Your aunt was not the type to hate art. At worst, she hated the artist themselves and was disinterested in the art, but she wasn't the sort of person to so anthropomorphize a painting as to hate it in and of itself. Like any general statement about a person, however, this of course had its exceptions. Most of these were music, since she had sensitive hearing and repetitive noises could easily get on her nerves, but there were a couple books she had great disdain for as well. The most notable exception, however, was Alina Gray's Autumnal Dynamism.

By all accounts, Autumnal Dynamism was a decent enough painting, if a tad derivative of earlier works in the Italian futurist movement. Painted a bit under a century late for the height of the movement by a nine year old prodigy, the painting depicted scenes of hares and other animals scavenging amidst storms of hail and fields of fallen leaves. The hares form a blur of motion along the edges of the scene, painted in a manner somewhat reminiscent of Dynamism of a Dog on a Leash (which most believe the title to have been a reference to, hence the accusations of being derivative.) By all accounts, it was an acceptably mediocre painting early in the career of an artist who would go on to do greater, more original works.

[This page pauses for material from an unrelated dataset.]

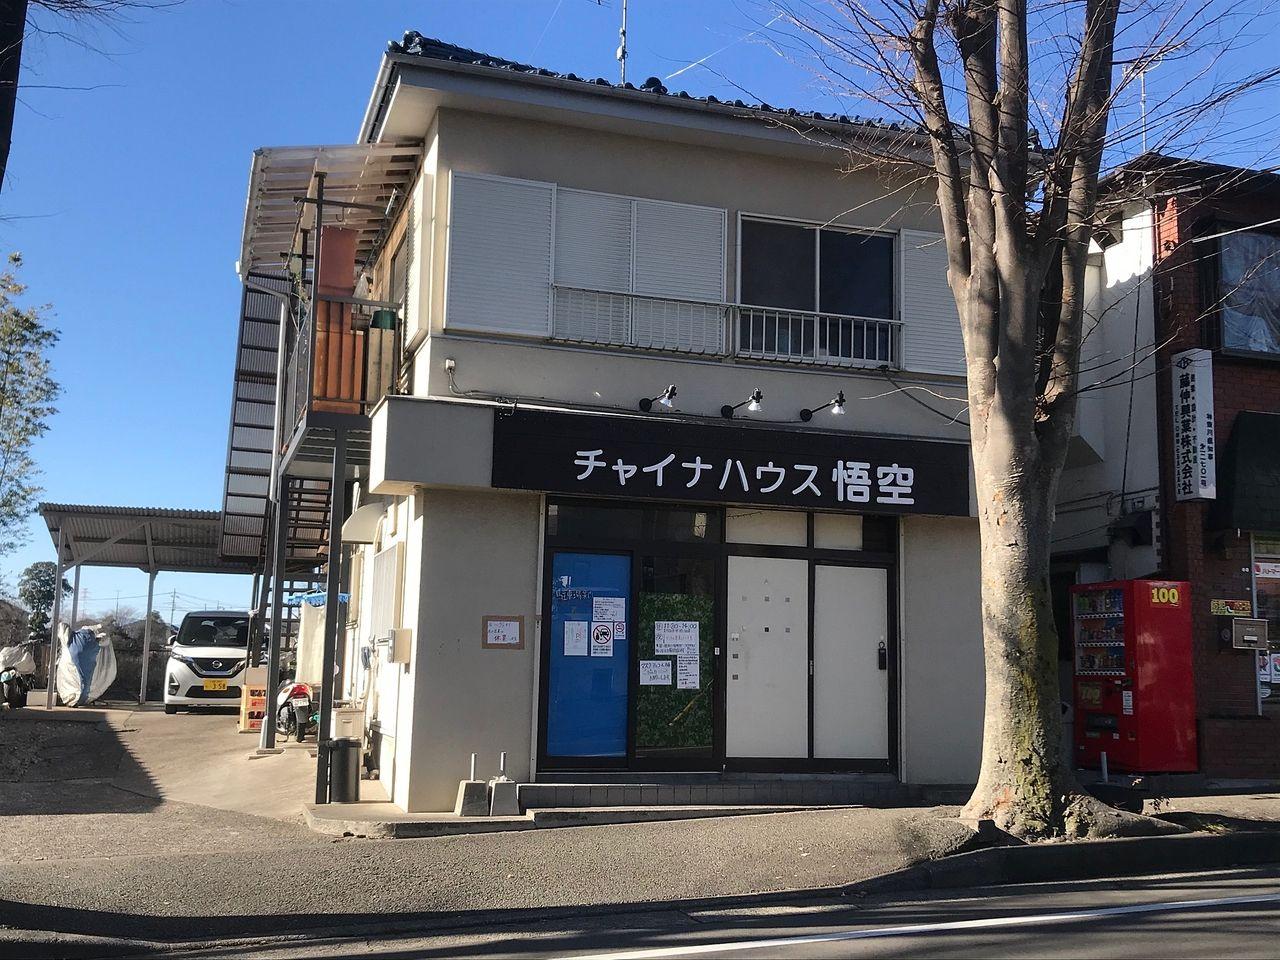 チャイナハウス悟空さん、緊急事態宣言解除により営業再開予定!

You aren't actually sure how your aunt acquired Autumnal Dynamism, but acquire it she did, shortly before she contracted. When she moved out of your grandparents' house, the painting went with her, and was hung in the kitchen of her apartment. You suspect she could not have hated it that much yet, given that she brought it with her, rather than selling or gifting it away. As years went by, however, she gained a distaste for the painting, and when you would visit her with your mother, you'd often catch her glaring at it when she thought you weren't looking. She kept it on the walls for many years, however, and only removed it when…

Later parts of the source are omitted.